Review and Analysis of Debt Sustainability: Ghana

This report seeks to highlight trends in key debt management measures for a selected number of African countries with debt management problems (Central African Republic, Chad, Ghana, Mozambique, Senegal and Zambia). Extra analysis on Ghana is presented. The question of whether certain African countries would be able to meet their debt obligations without resorting to default in the foreseeable future has been on the minds of many stakeholders. Public debt sustainability has become an issue recently because some countries who received aid under HIPC are again accumulating unsustainable debt. Between 1980 and 1995, that is before HIPC, the average growth rate was about 2 percent and rose to about 6 percent after HIPC (1996 to 2017) for the six selected countries.
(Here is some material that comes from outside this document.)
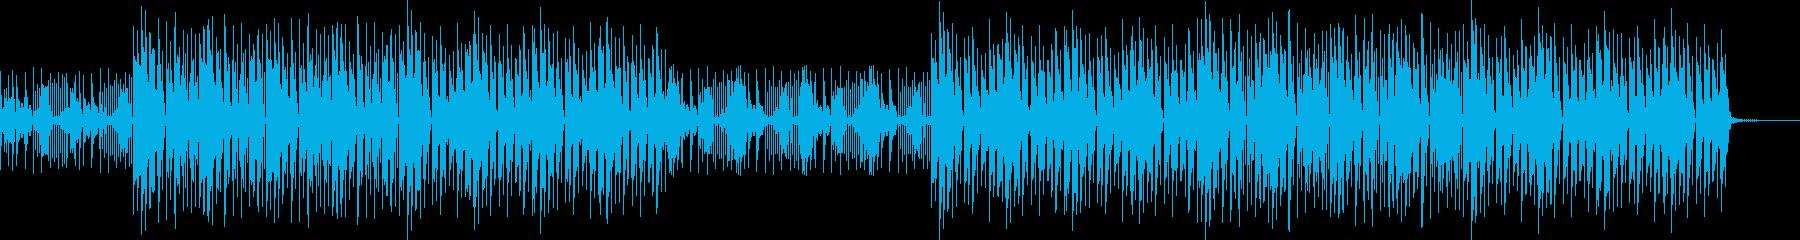 おしゃれ・カントリー・EDM・空気感2の再生済みの波形

Proper debt management and debt relief partly account for better economic performance. Based on the growth prospects, another round of borrowing has been intensified. The debt/GDP ratio and external debt service over exports ratio have been rising for this group of countries. Another worrying trend is the rise in interest payments on external debt. The share of concessional loans increased throughout the 1980s, 1990s and early 2000s to an average of about 76 percent in 2005 but has since been falling to an average of 47 percent in 2017. The implication is that these countries are increasingly borrowing from the open market instead of borrowing from traditional donors, who are known to insist on due diligence and prudent financial behaviour before disbursements are made. This serves as a check on sustainable debt accumulation.
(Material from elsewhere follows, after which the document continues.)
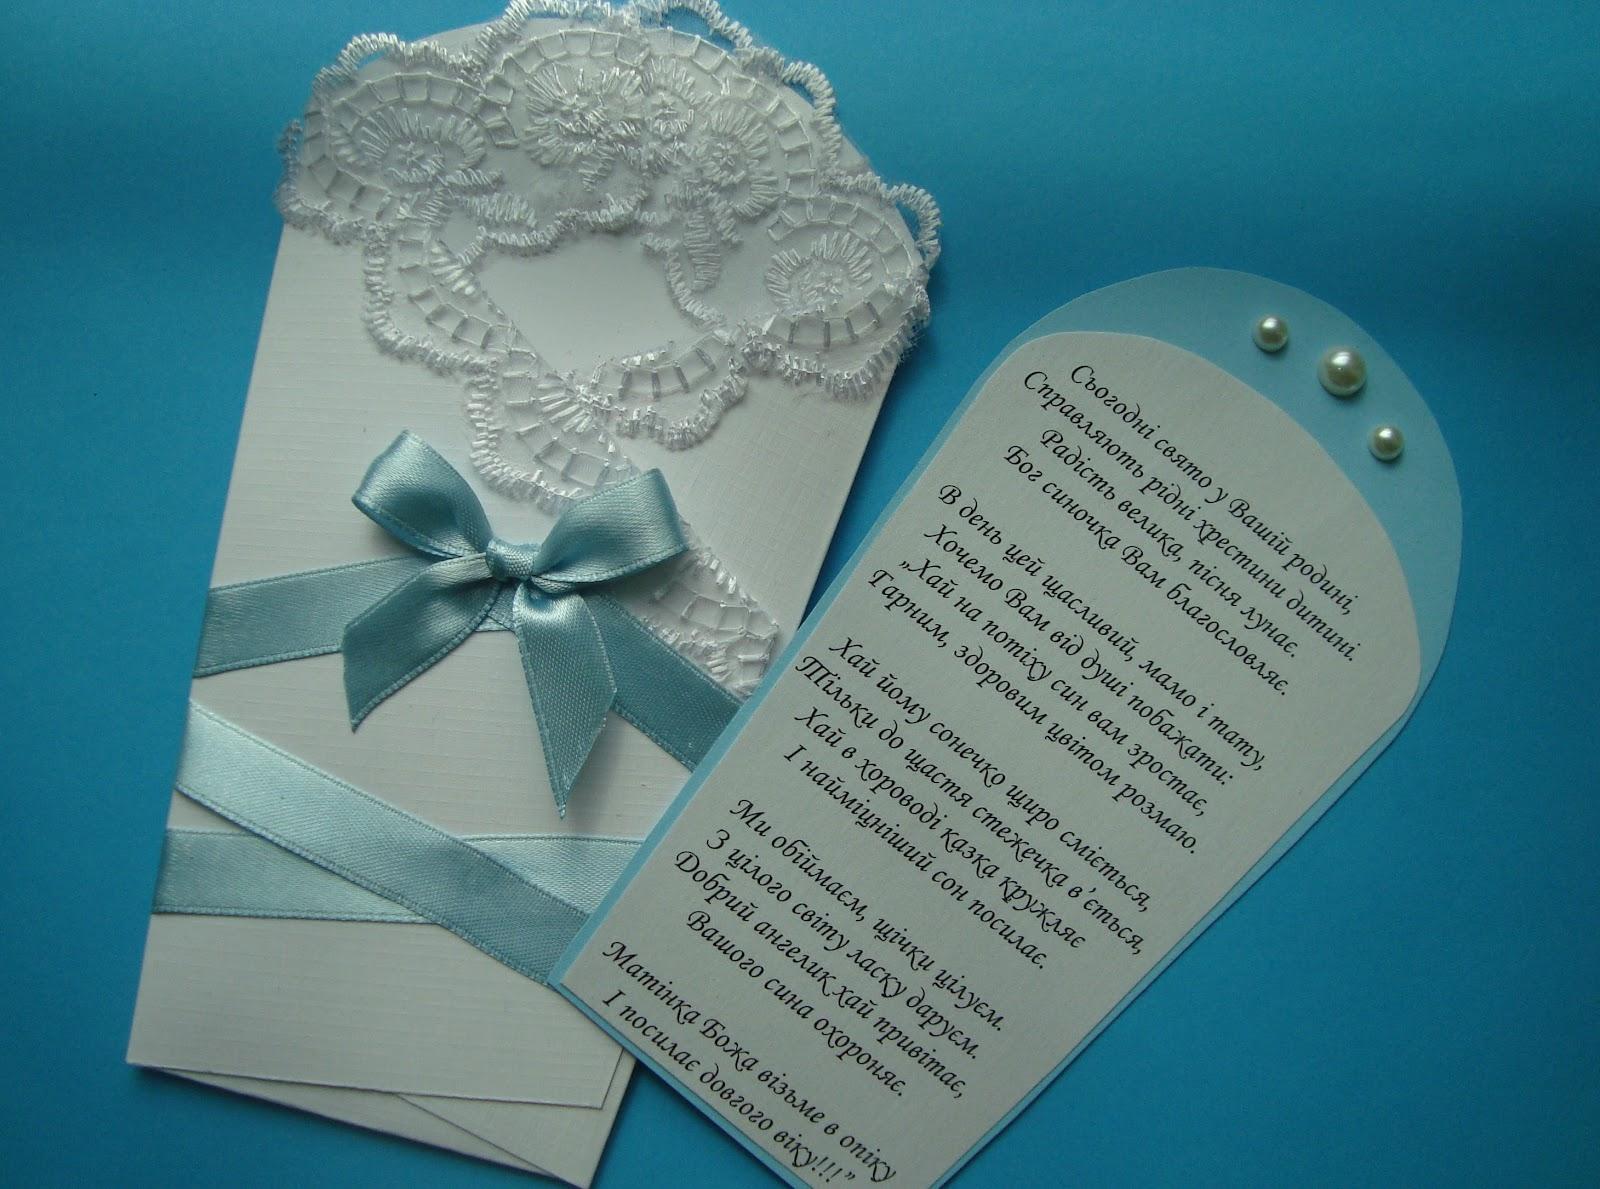 Крестины, крещение: открытки, конвертики, коробочки и прочее 30

After rebasing the economy of Ghana in 2013, the debt/GDP ratio fell from 73.9 percent in 2016 to 57.9 percent in 2018. Projections by the World Bank shows that the debt/GDP ratio would soon be higher than the benchmark of 56 percent for Ghana and higher than the 70 percent specified by the WAEMU. The consequence is that about 86 percent of interest and charges payments were made to commercial sources in 2017, while only 6 percent and 8 percent were paid to bilateral and multilateral sources respectively. The MOFEP has budgeted to pay about 88 percent to commercial sources in 2018. Another observation is that the share of the domestic debt owed to the local banking system has fallen from 52.5 percent in 2014 to 35.4 percent in 2017. The share of the foreign sector increased from 17.1 percent in 2014 to 38.4 percent in 2017, but down to 30 percent in 2018. This makes the public finance venerable to exchange rate shocks when investors decide to take their funds out of the economy.